With this strategy you typically have independent outboxes, one for each domain model, mapped to the public schema of the corresponding output event stream. The publisher process reads the unserialized event from the outbox and attempts to serialize it with the associated schema prior to producing it to the output event stream. Figure 4-11 shows an example of multiple outboxes, one for a User entity and one for an Account entity.

Multiple outbox tables. Note that the data is not serialized, which means that it may not be compatible with the schema of the output event stream.
Figure 4-11. Multiple outbox tables (note that the data is not serialized, which means that it may not be compatible with the schema of the output event stream)

A failure to serialize indicates that the data of the event does not comply with its defined schema and so cannot be published. This is where the serialization-after-write option becomes more difficult to maintain, as an already completed transaction will have pushed incompatible data into the outbox table, and there is no guarantee that the transaction can be reversed.

In reality, you will typically end up with a large number of unserializable events in your outbox.
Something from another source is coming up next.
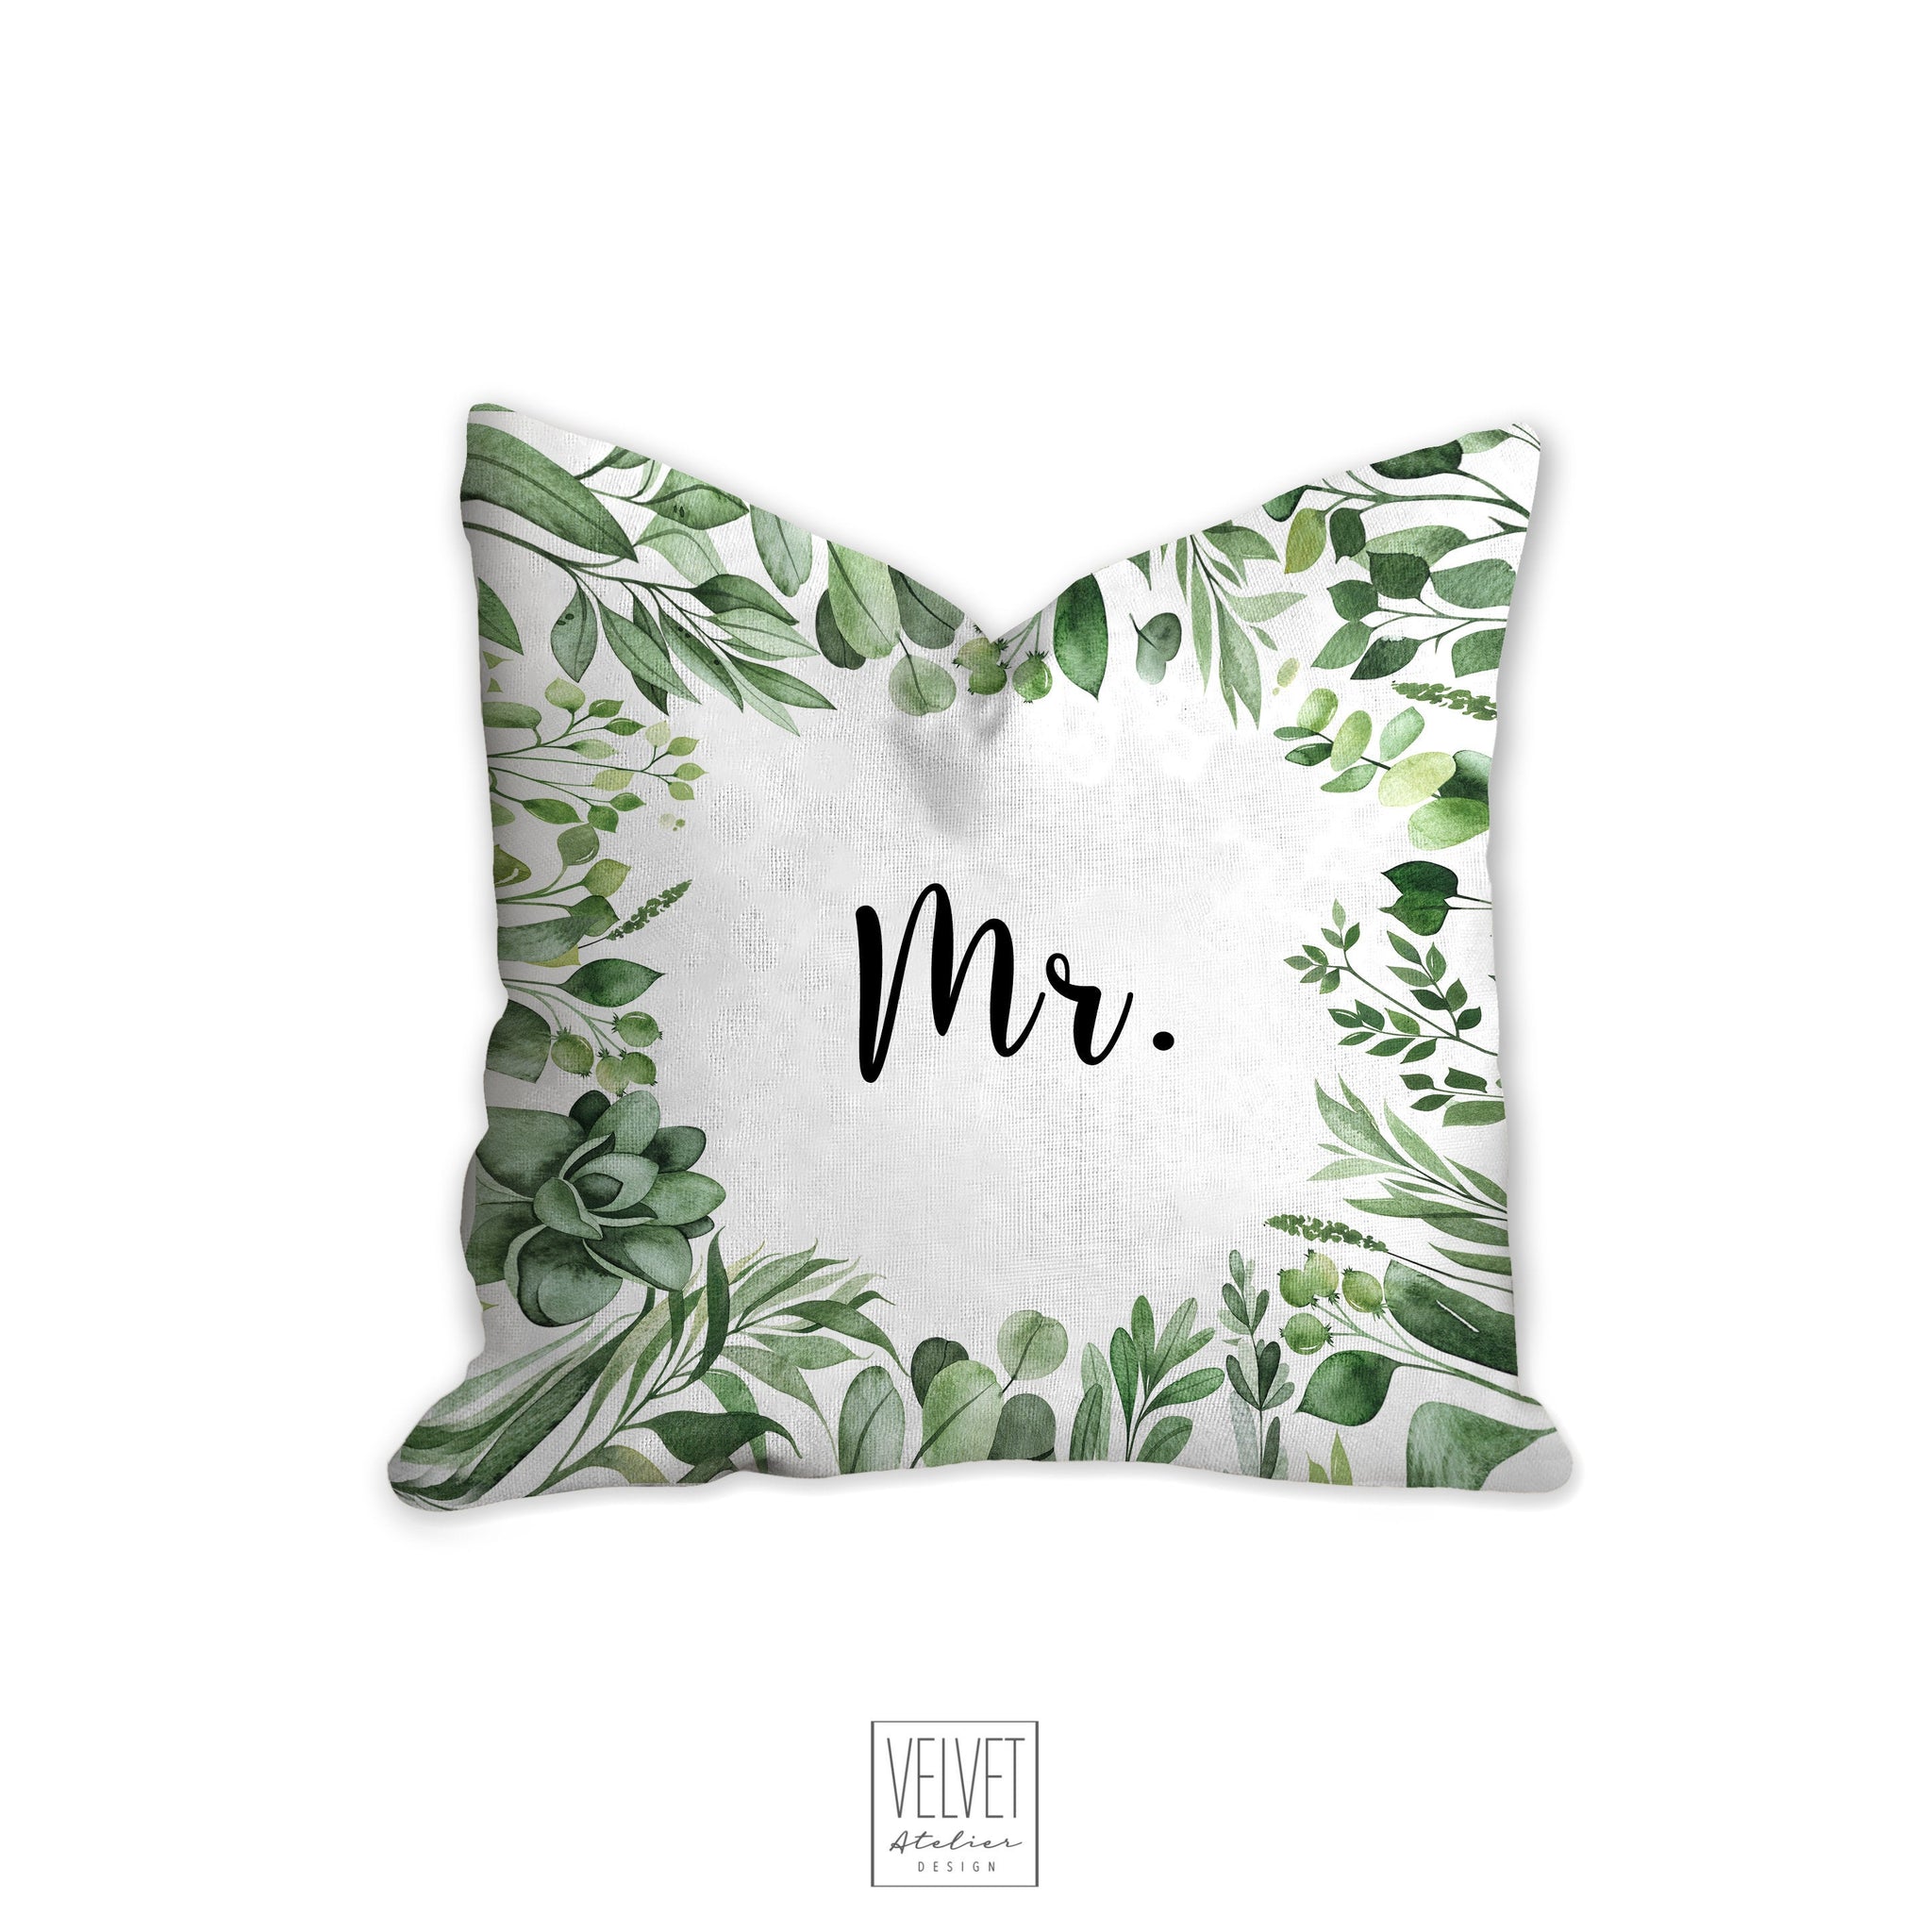 Easy to Make Customized Wedding Date Pillowsa personalized gift idea

Human intervention will most likely be required to try to salvage some of the data, but resolving the issue will be time-consuming and difficult and may even require downtime to prevent additional issues. This is compounded by the fact that some events may indeed be compatible and have already been published, leading to possible incorrect ordering of events in output streams.

Tip

Before-the-fact serialization provides a stronger guarantee against incompatible data than after-the-fact and prevents propagation of events that violate their data contract. The tradeoff is that this implementation will also prevent the business process from completing should serialization fail, as the transaction must be rolled back.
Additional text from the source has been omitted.